They've also given me references of companies that have switched from Netapps to other solutions.
In general three themes came from the references:
they lost data with Netapps. Why? Because they could not take a backup with their enterprise backup software and then they suffered a multiple disk failure from a set of disks with problem firmware.
I've seen a lot of griping on this least lately about backups. How much of a problem is the backup situation and does the situation become a problem when it requires a patch for the Netapps software that may introduce other instabilities?
the Netapps filer was too slow for database use. I could understand how some of the storage arrays directly attached to a server could be faster.
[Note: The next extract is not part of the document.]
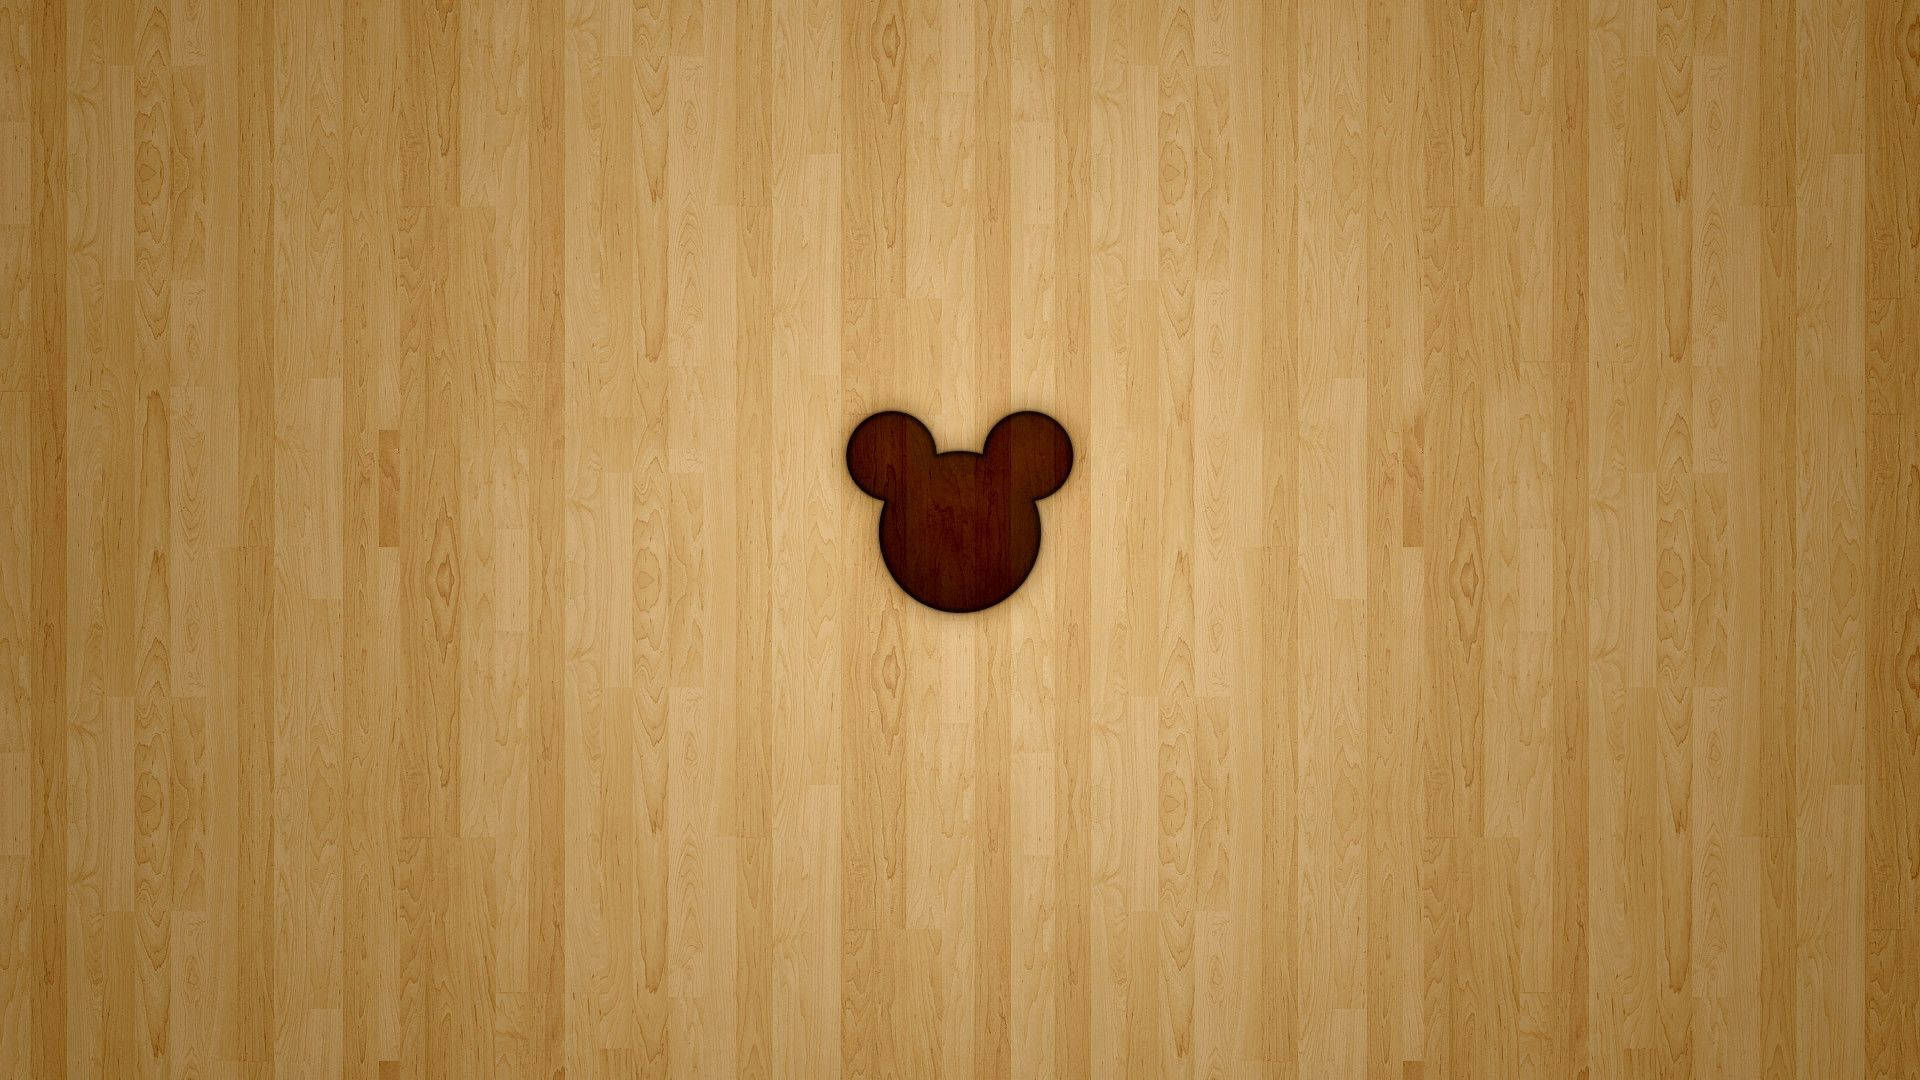 Disney 1920x1080 Hd Mickey Mouse Logo On Wood Wallpaper

This isn't my application space, so I'm not outright concerned with it.
But, I have seen some of the recent messages on performance and throughput. How would you rate the Netapps for performance for things like home directory storage?
We are using F760s for home directory storage. There is no problem with this as a solution. Depending on the database application and the filer model, there could be a performance issue. I would not recomend using an F330 for large Oracle data structures. One realy needs to focus on Highend filers for large or very busy data bases.
the clustering did not work. Paid for cluster and the failover did not work as advertised.
This concerns me, because I am willing to pay the extra money for a cluster. As long as I'm shelling out, should I go to EMC for reliability or hope that the Netapps failover can work? I can get more Netapps for the money.
There are/were problems with the cluster failover process in the begining of DOT 5.2. There were situations where a failover would be initiated and the partner would panic. Most of these issues were addressed. Since installing DOT 5.3.x on our filers, we have not seen a partner panic situation occur.
I'm not dumb enough to believe all of the claims that sales droids make. But, I'd like to hear some opinions as to what makes you buy Netapps, what keeps you on Netapps, and what will drive you away from Netapps.
Network Appliance performs for us. We are a Engineering Design group. We moved to a dataless desktop environment for adminstrative reasons. All of our current storage is NetApp. Home directories, design directoryies and the very abusive simulation directories. We have a bank of LFS servers, U2s with multiple CPUs. The sole purpose of these systems is to run simulations of our designs. This bank of LFS servers brought, to its knees, our Auspex servers running over FDDI. We have not seen an F760 filer become bogged from our LFS servers, even when we were running in Fail-Over mode. The single head was able to keep up with the demand for both simulation filers.
We also make use of the snapshots that NetApp has. We use different schedules for different applications. Design data being our most important is snapshoted more often then home directories. Simulation do not receive snopshots at all.
If there is a problem, a call to 888-4-NETAPP, is usally all it takes to get the situation resolved. Sometimes the problem is more complex than can be handeled over the phone and an SE is dispatched. I like to do my own work and thus I like talking to the engineering staff in California to resolve my own problems. If I have a problem with getting support, I can call on my SE or Account Exec. to give support a push. I have had the same good relationship with Auspex as well though.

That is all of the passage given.